The enrichment analysis of KEGG pathway showed that HQC may play an anti inflammatory role by regulating IL-17, Th1 and Th2 cell differentiation, NF kappa B, TNF, T-cell receptor, c-type lectin receptor, toll like receptor, pathogenic E. coli infection, human T-cell leukemia virus 1 infection and Th17 cell differentiation (Figure 6).

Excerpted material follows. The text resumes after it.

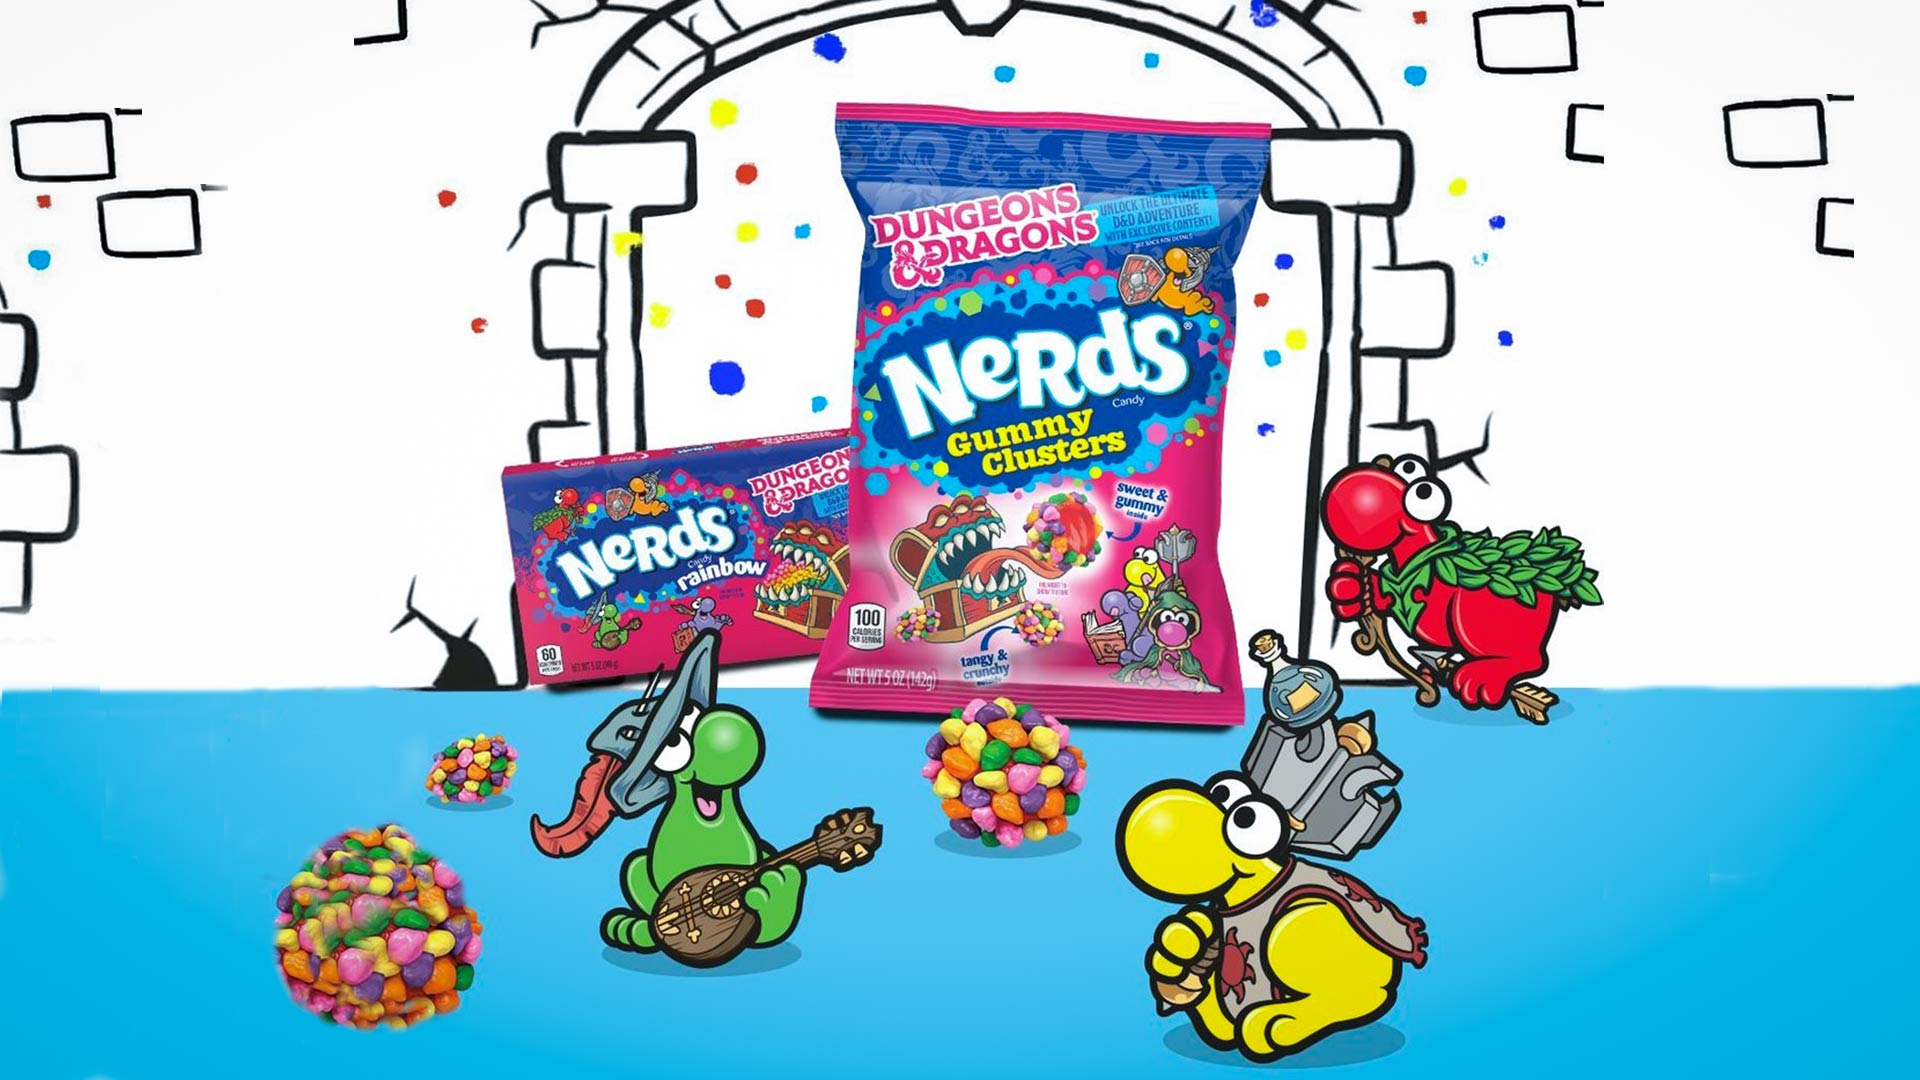 Nerds candy Flavors & Nutritional Facts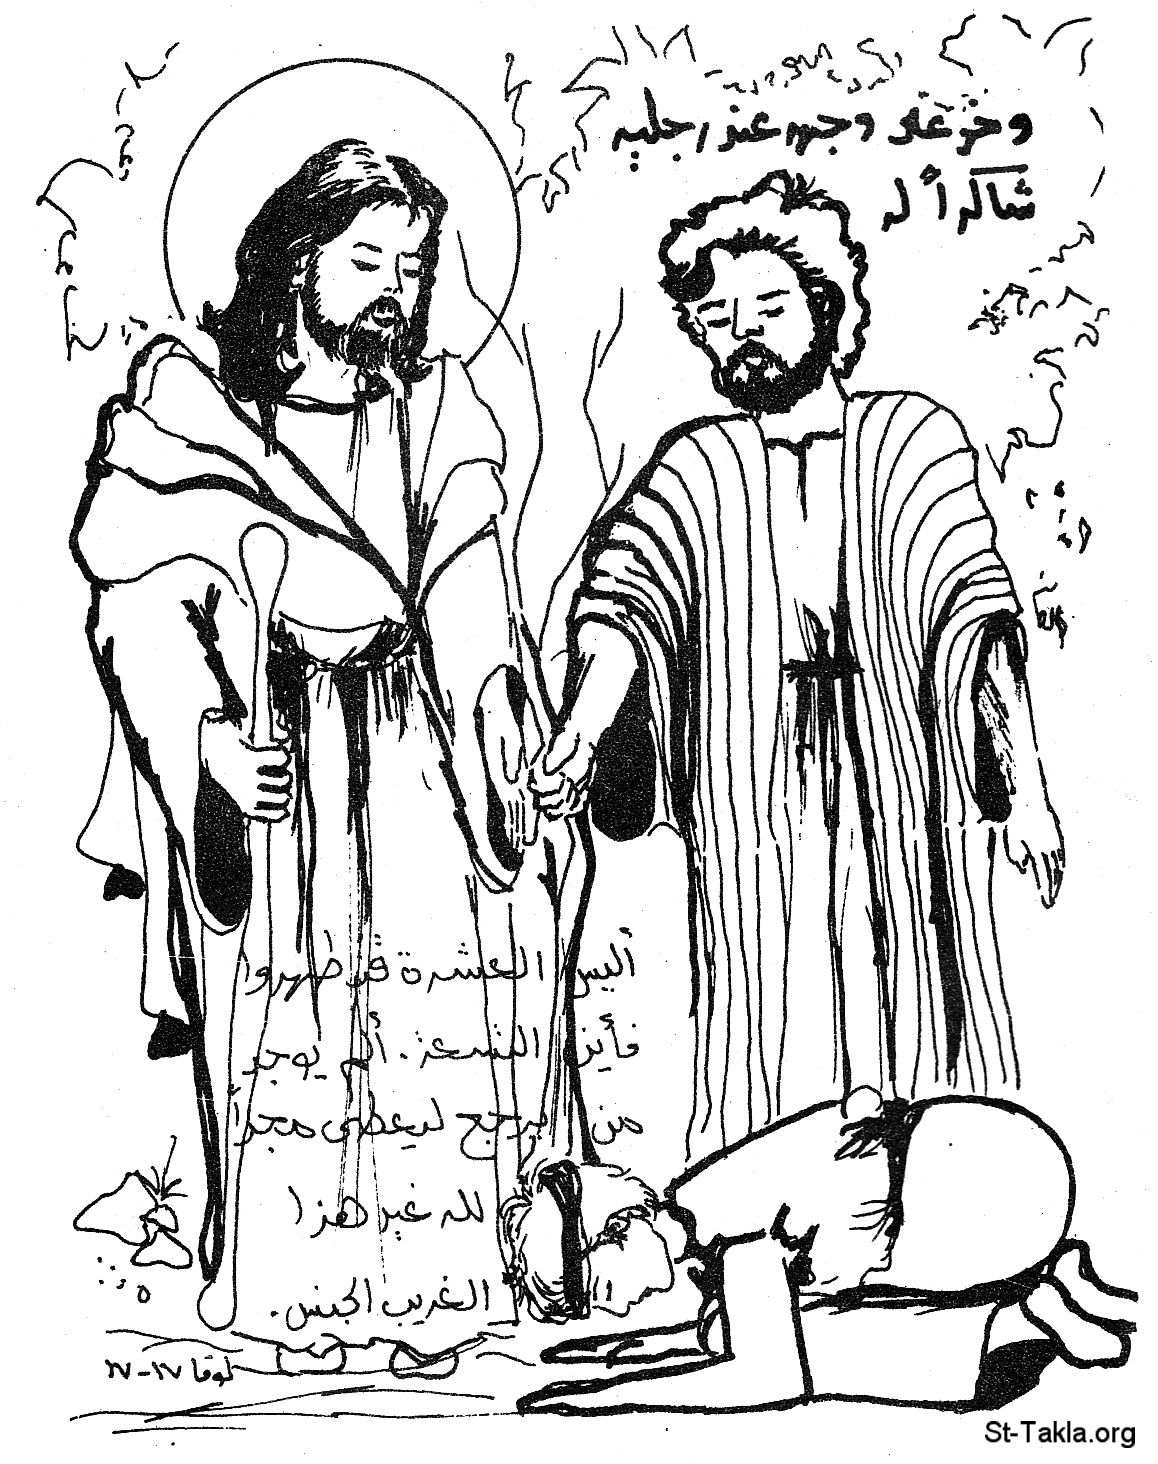 St-Takla.org Image: Jesus healing the ten lepers: The leper "fell down on his face at his feet, giving him thanks, and Jesus answering said, Were there not ten cleansed? but where are the nine?" (Lu 17:15-17)     :       :  "         :    ǿ  ɿ!" ( 17: 15-17)

Component-Target-Pathway Network Diagram
Through network analysis, it was found that the top 5 targets were PTGS2, FOS, RELA, PPARG, and VEGFA based on the order of degree value. Following the degree values of active ingredients, the top 5 active ingredients were beta-sitosterol, Stigmasterol, quercetin, Baicalein, and wogonin. It is suggested that these components and targets may be important components and targets for HQC in the treatment of AS (Figure 7).
Molecular Docking results
The binding energy of the components, the targets, and the number of hydrogen bonds formed are important indicators to evaluate the binding ability. The increase in the number of hydrogen bonds reflects a more stable binding. According to the data, 70% of the binding energy was under -4.25 kcal/mol, and 53% of the binding energy was -5.0 kcal/mol below, of which the binding energy of stigmasterol with PPARG, CXCL8, and CAT were under -7.50 kcal/mol. This indicated that the chemical active ingredients in HQC formula had high binding activity with inflammatory targets(Figure 8-9).
Experimental Validation Results
The experimental results revealed that increased serum PTGS2 levels and reduced serum levels of PPARG and CAT were witnessed in AS patients before treatment compared with healthy individuals (P < 0.01). HQC can make PTGS2 low expression and PPARG and CAT high expression(P < 0.01; Figure 10).